Given the material below, output exactly the lines from the line with "Sacramento front yard" to the line with "Angled close up", both ends included, and no other lines.

_RECORDS TO PROCESS_
*** Block opens ***
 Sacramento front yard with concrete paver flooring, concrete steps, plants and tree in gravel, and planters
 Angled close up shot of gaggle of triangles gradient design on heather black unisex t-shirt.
*** Block closes ***
*** Block opens ***
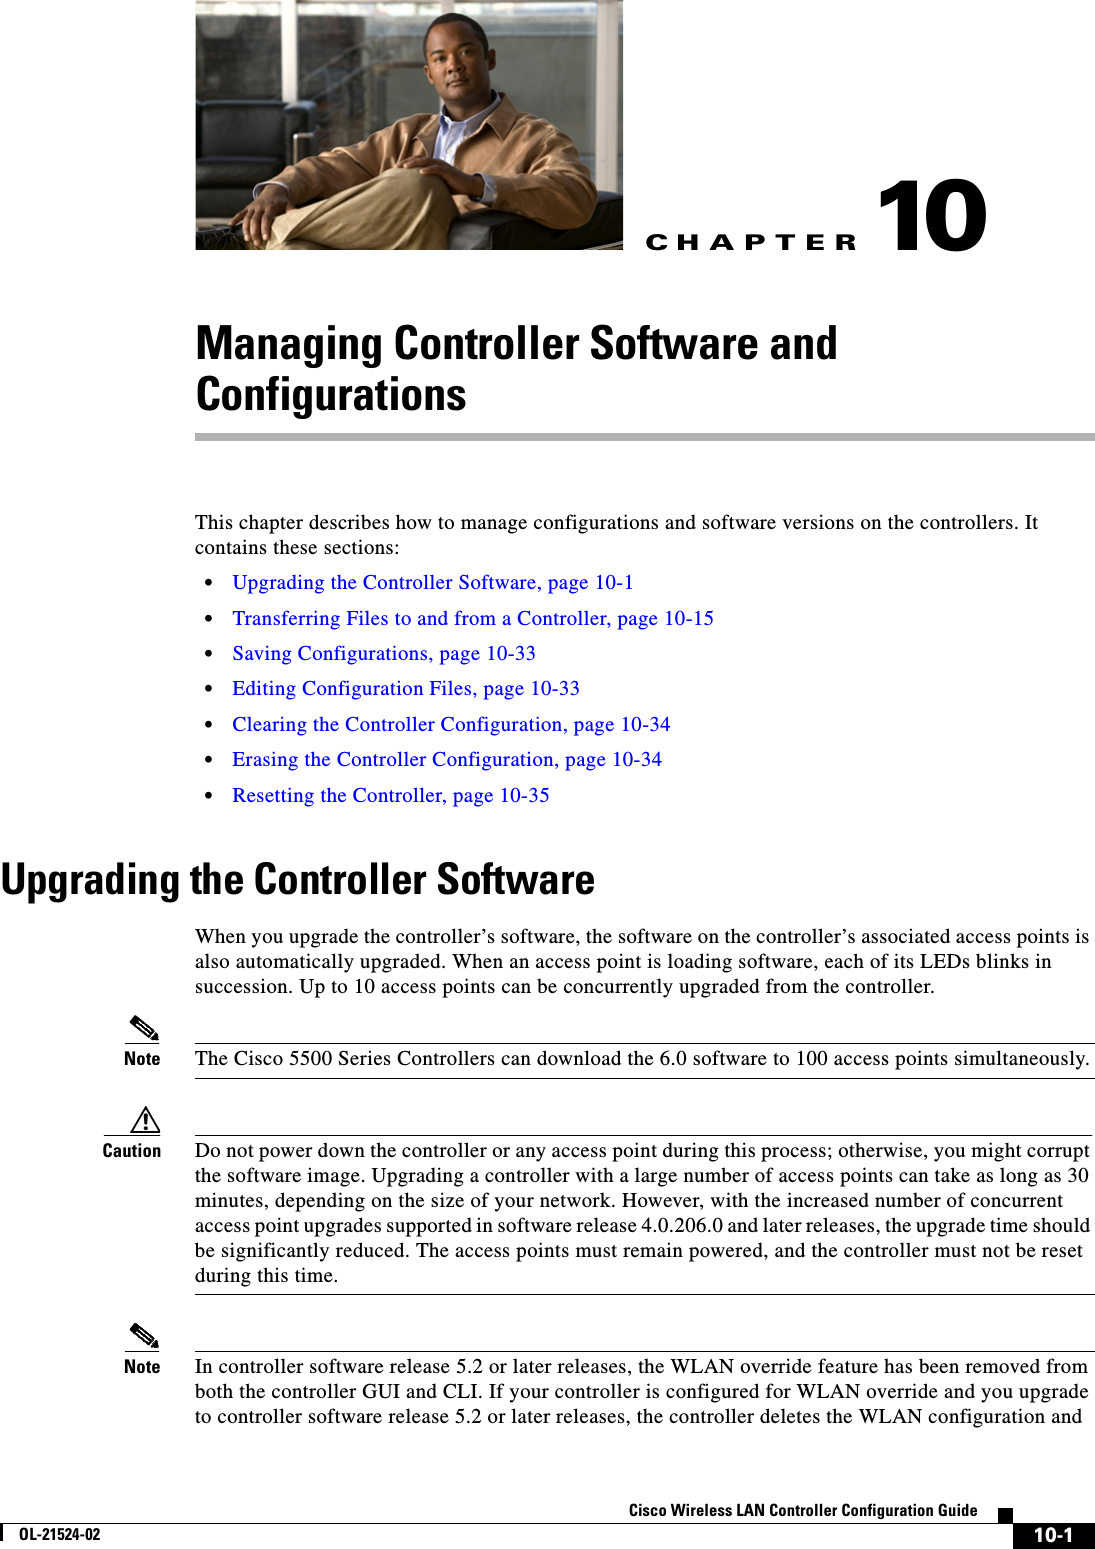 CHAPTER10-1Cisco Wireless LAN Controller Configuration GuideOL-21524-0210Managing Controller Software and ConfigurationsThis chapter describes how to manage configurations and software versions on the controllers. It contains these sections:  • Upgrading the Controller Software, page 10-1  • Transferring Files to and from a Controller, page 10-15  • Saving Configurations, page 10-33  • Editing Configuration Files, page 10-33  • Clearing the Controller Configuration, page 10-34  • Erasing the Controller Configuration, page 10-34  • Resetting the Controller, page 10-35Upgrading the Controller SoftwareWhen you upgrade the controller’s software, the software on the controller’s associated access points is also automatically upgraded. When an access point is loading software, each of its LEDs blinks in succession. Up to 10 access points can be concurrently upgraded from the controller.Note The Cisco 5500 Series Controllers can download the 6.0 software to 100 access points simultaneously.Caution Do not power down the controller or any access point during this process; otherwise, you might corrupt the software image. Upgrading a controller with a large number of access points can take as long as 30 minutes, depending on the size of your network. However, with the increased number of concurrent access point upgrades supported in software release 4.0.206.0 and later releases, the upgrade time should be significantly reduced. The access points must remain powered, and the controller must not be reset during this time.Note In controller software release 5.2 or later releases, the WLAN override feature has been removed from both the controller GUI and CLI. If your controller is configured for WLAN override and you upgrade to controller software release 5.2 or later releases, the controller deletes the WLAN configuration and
*** Block closes ***
_ANSWER SECTION_
 Sacramento front yard with concrete paver flooring, concrete steps, plants and tree in gravel, and planters
 Angled close up shot of gaggle of triangles gradient design on heather black unisex t-shirt.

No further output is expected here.